When dealing with data science, if there is no data, there is no science. Like you can not bake bread without flour. It is surprising how difficult it is for people sometimes to understand this simple truth. This column dealt with the importance of data for artificial intelligence research. That is, how to balance the desire to promote research and applications of artificial intelligence in the face of questions of privacy and civil rights in a democratic society. I will not deal here with the broad issue but will focus on the importance of the data I have opened.

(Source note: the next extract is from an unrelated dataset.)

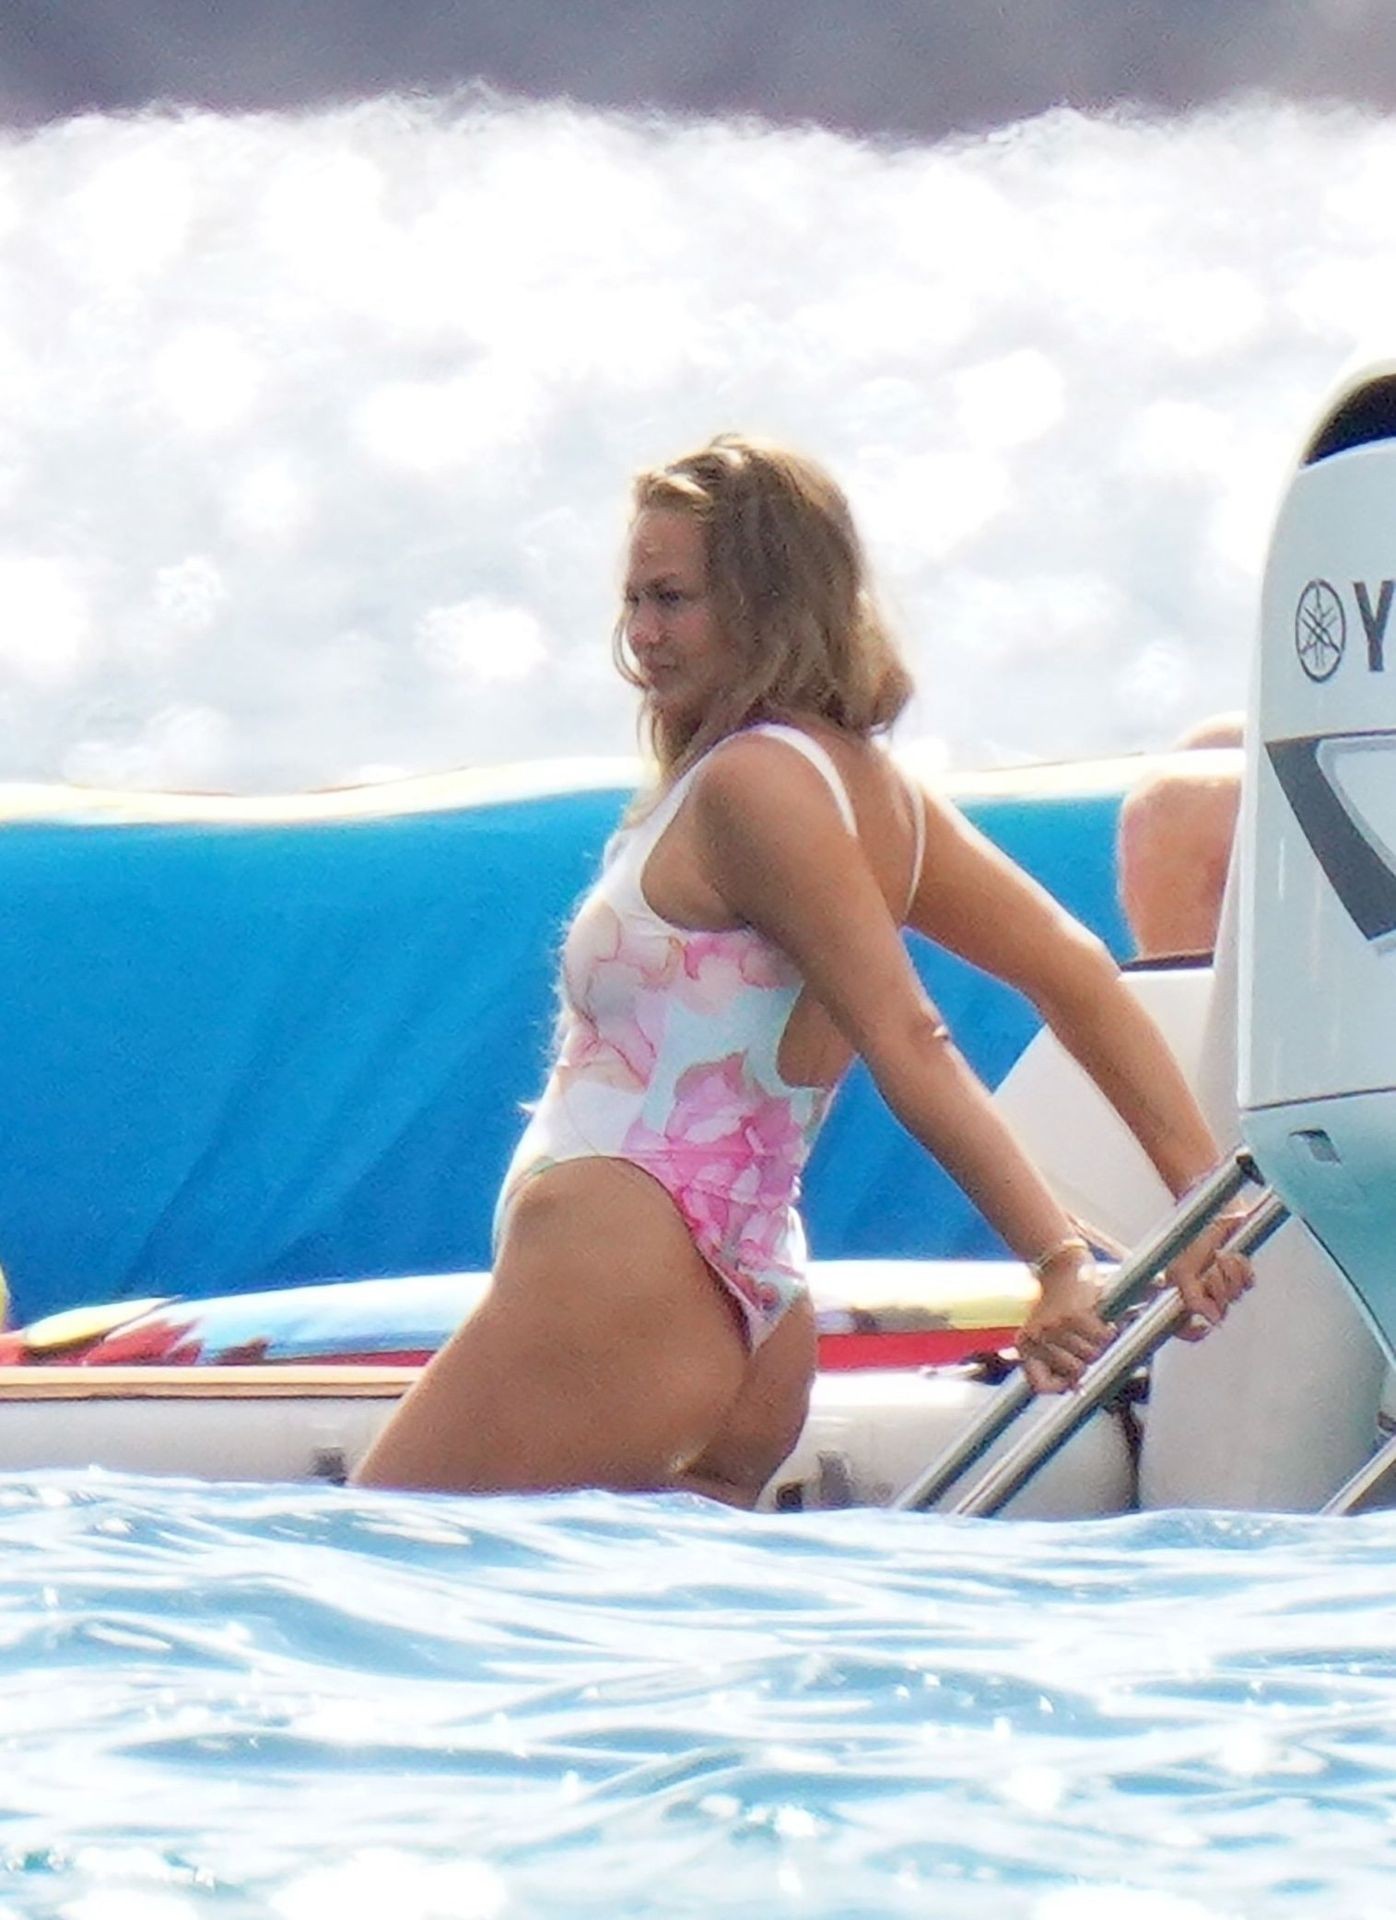 John Legend & Chrissy Teigen Have an Active Day Out on the Water in St Barts (16 Photos)
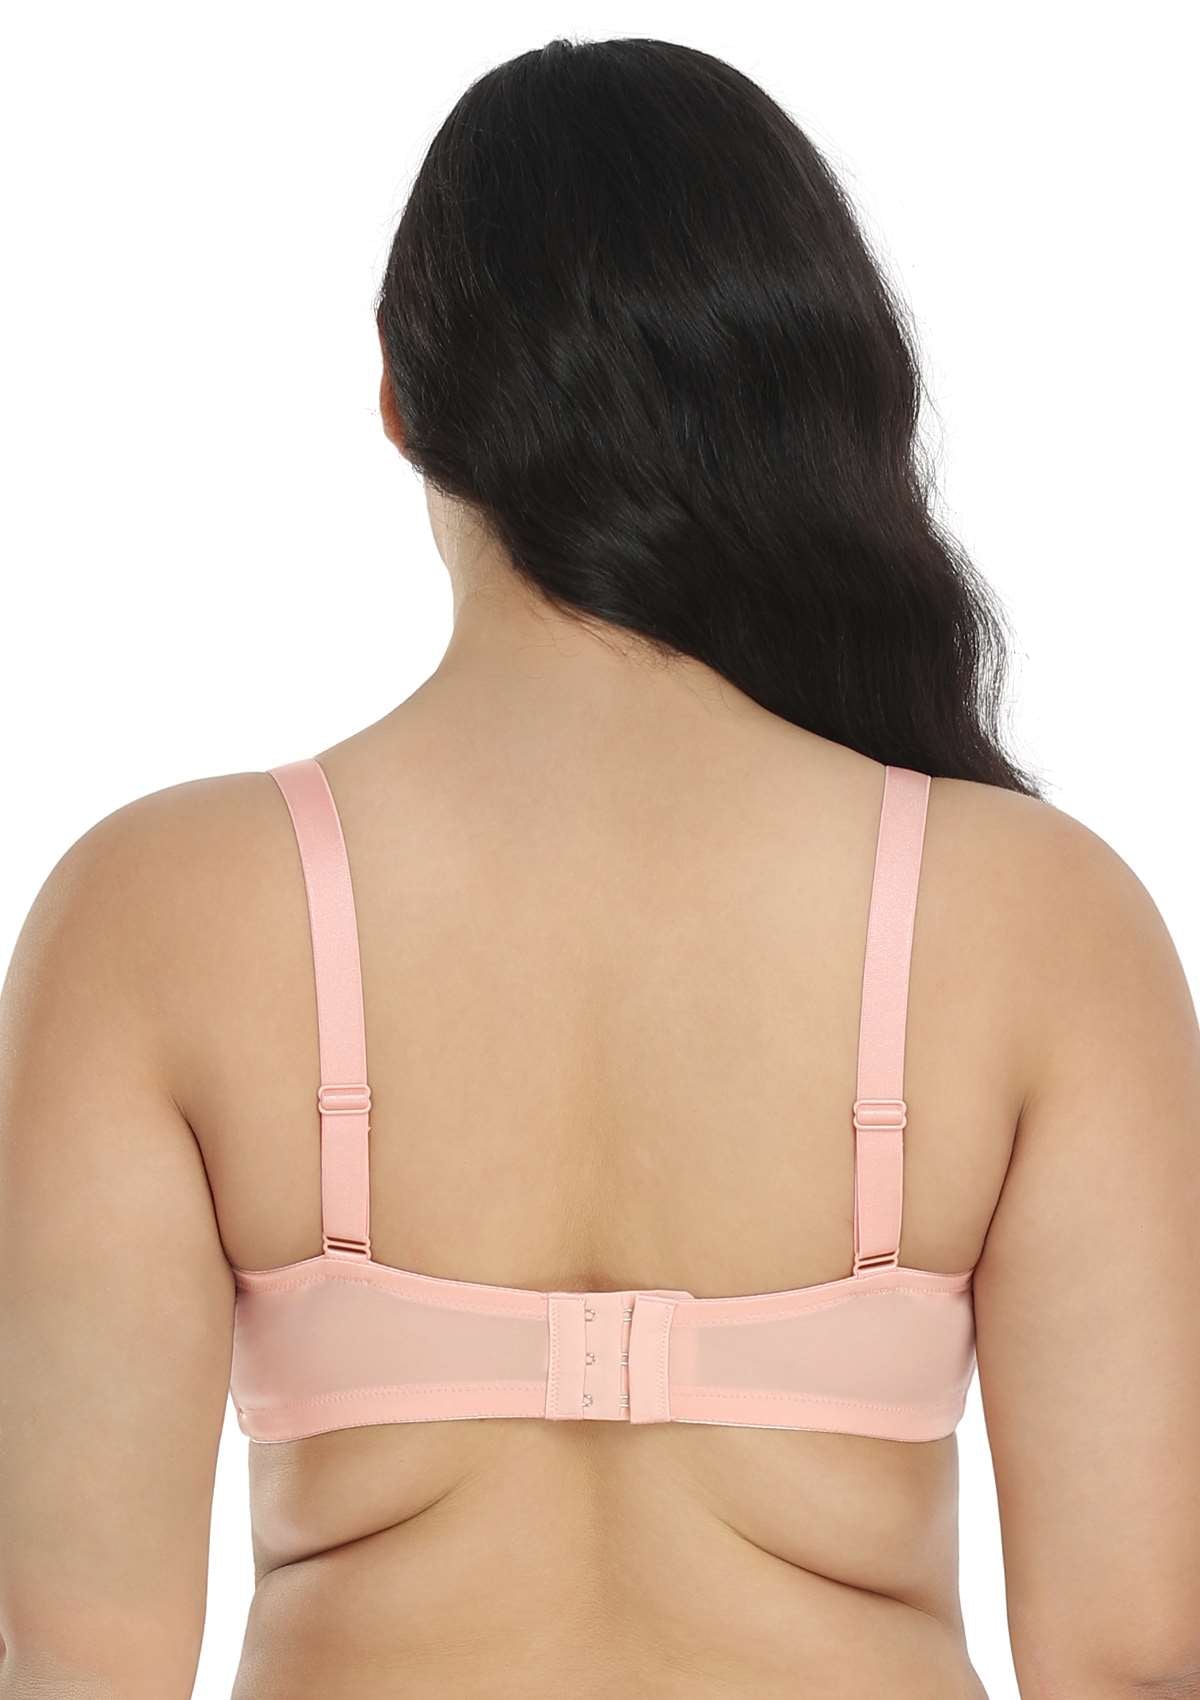 HSIA Rosa Bonica Sheer Lace Mesh Unlined Thin Comfy Woman Bra - Pink / 40 / DDD/F

I will preface the detailed explanation and emphasize that data are necessary for research and applications of artificial intelligence. It is often difficult to obtain or collect data for a particular study or project. There are various reasons for this. Sometimes there is not enough data (or their quality is lacking). Then you have to initiate operations to collect them from different sources or produce them yourself. But even when the data exists, it does not mean that. I can use it. Whether due to restrictions arising from the protection of personal privacy (e.g., medical data), or questions of business confidentiality of companies, and so on. Hence the tension between the need for data and various legal or ethical questions.

Truth About Data Science

The discussion of the need for data can be divided into two stages. The process of learning or building the model (and system) and the ongoing operating procedure of the system. It is seemingly possible to produce rules systems ( expert systems ) without data. This is because it is possible to write rules based on the existing knowledge and experience of experts. But without data, it is impossible to check the correctness of the laws. As a result, it is impossible to improve them. And because rule systems tend to be challenging to maintain anyway, they lose relevance very quickly without data used for measurement and tuning.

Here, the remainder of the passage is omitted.